> SUPPLIED MATERIAL:
******************************
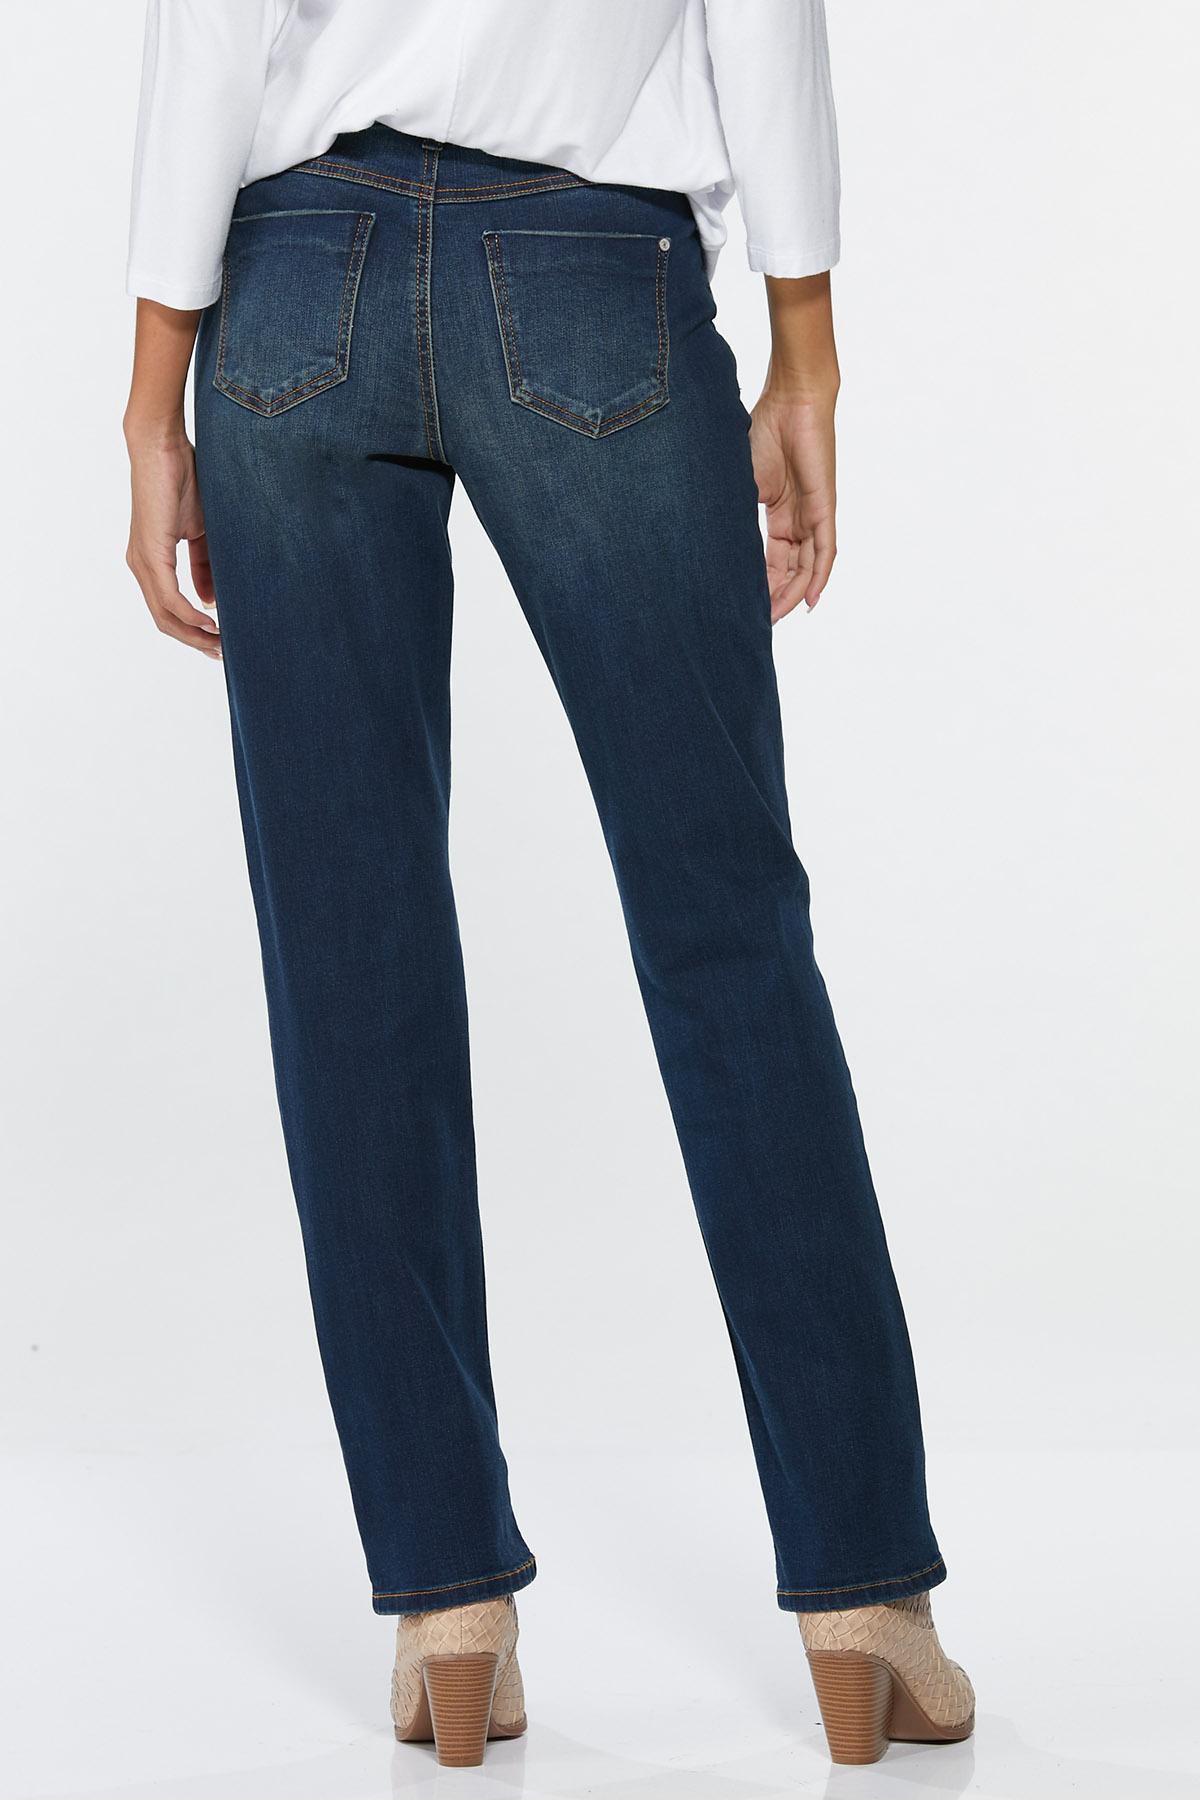 Curvy Straight Leg Jeans (Item #44693641)
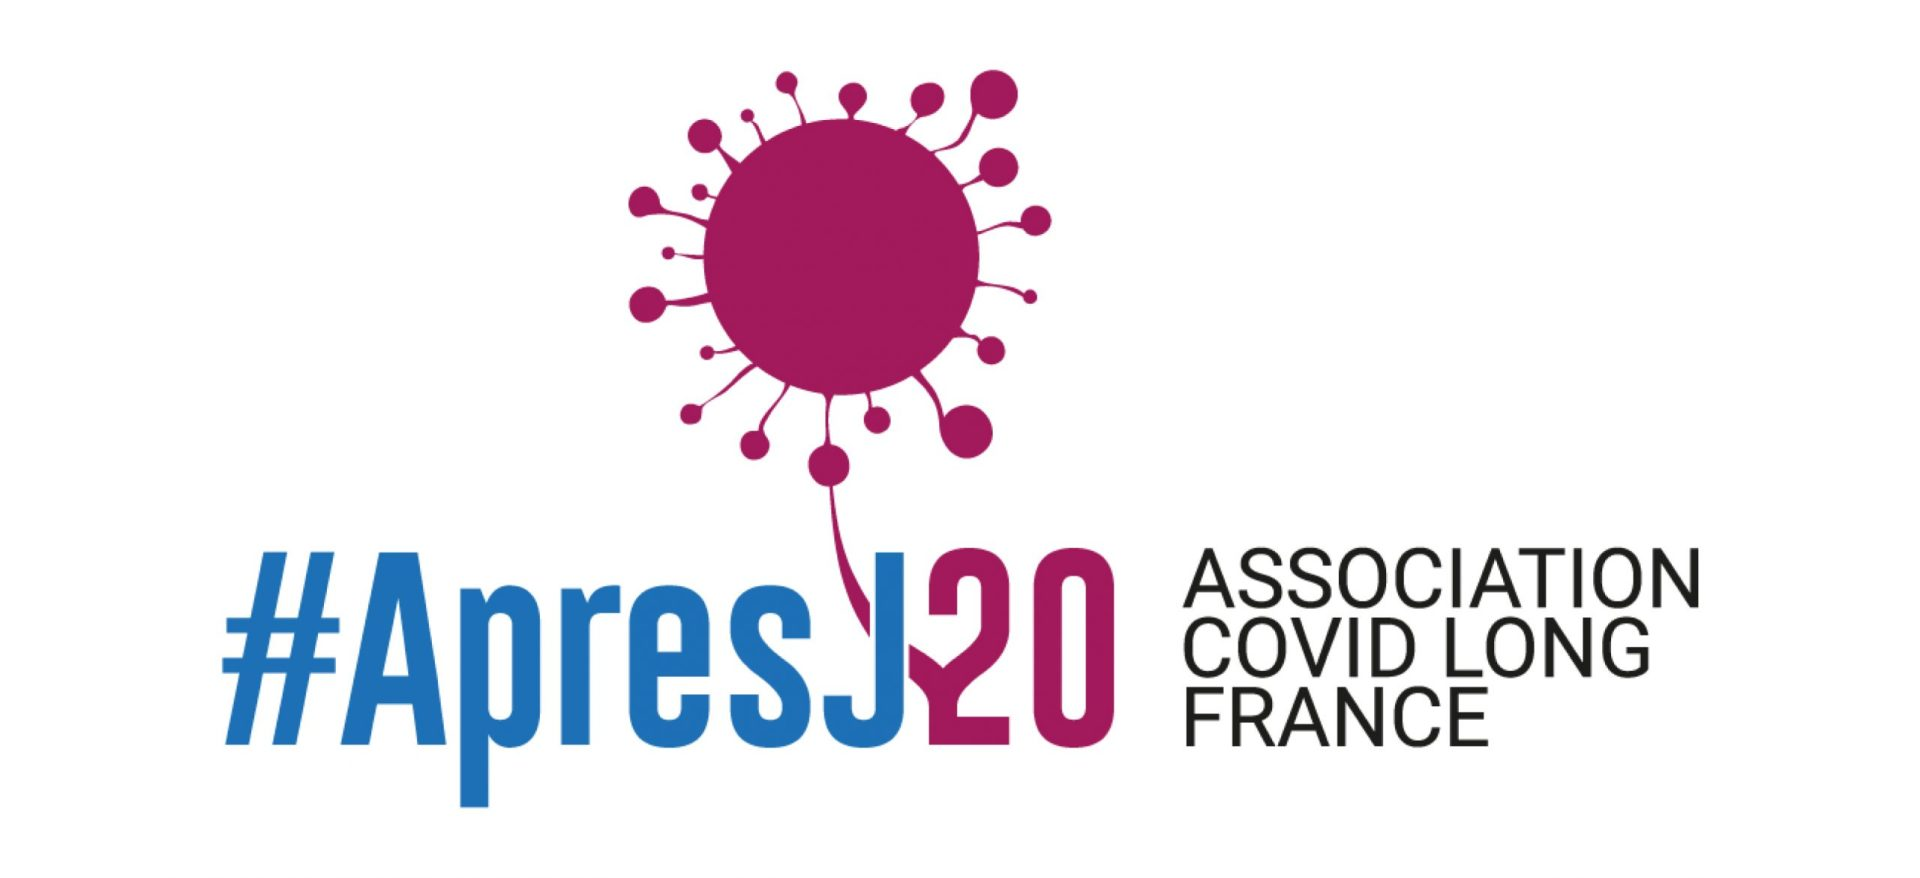 Association ApresJ20
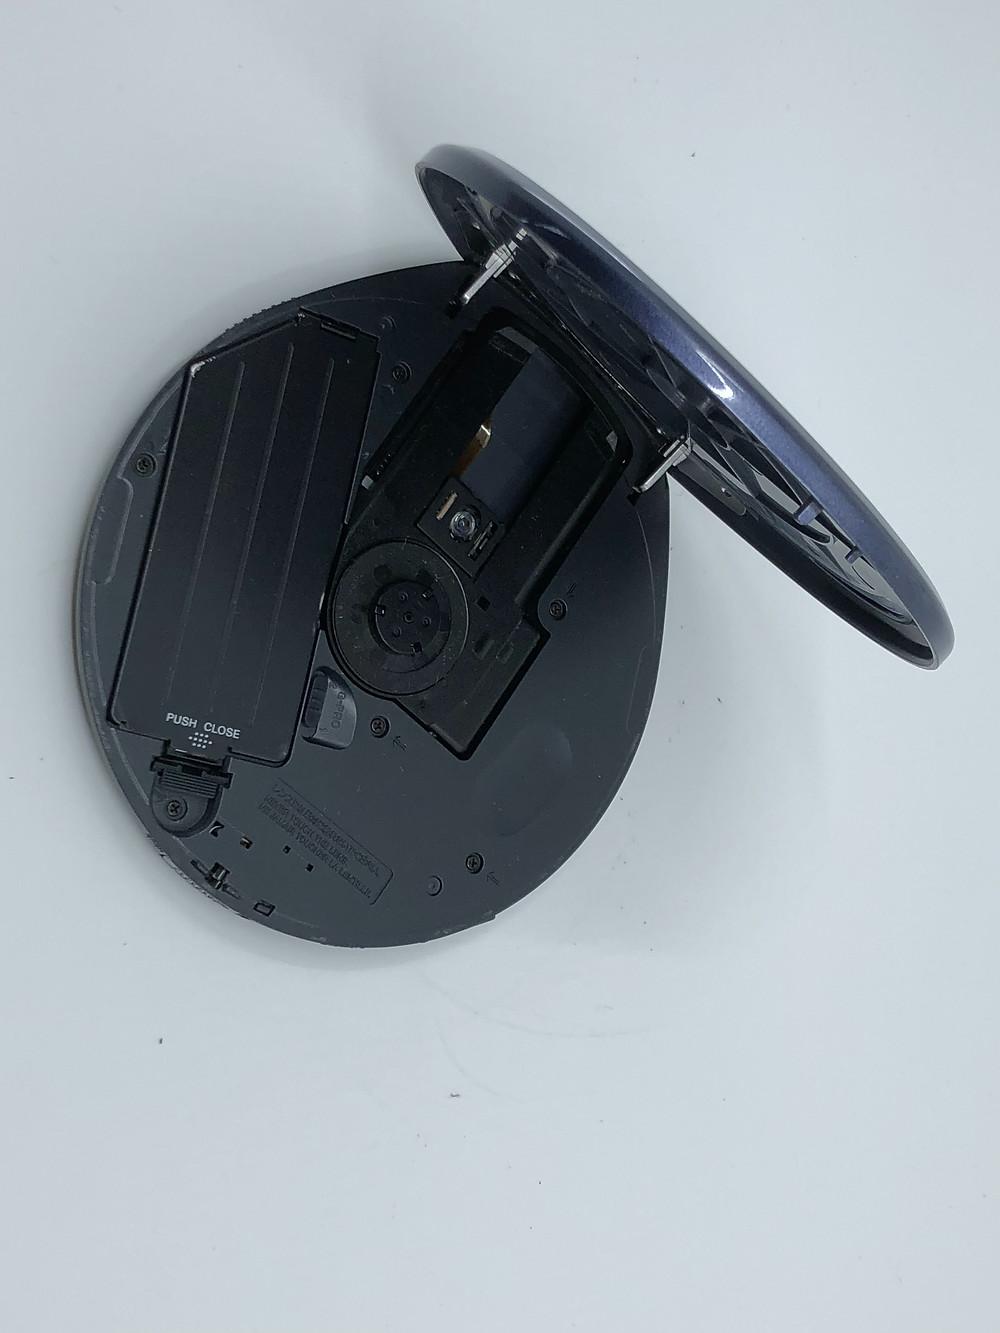 Sony CD Walkman D-EJ825 Portable CD Player
******************************
> YOUR TASK:
Please reproduce, exactly and only, the lines from the line containing "Association ApresJ20" through the last line of the material above, minus any pictures.

> YOUR SOLUTION:
 Association ApresJ20
 Sony CD Walkman D-EJ825 Portable CD Player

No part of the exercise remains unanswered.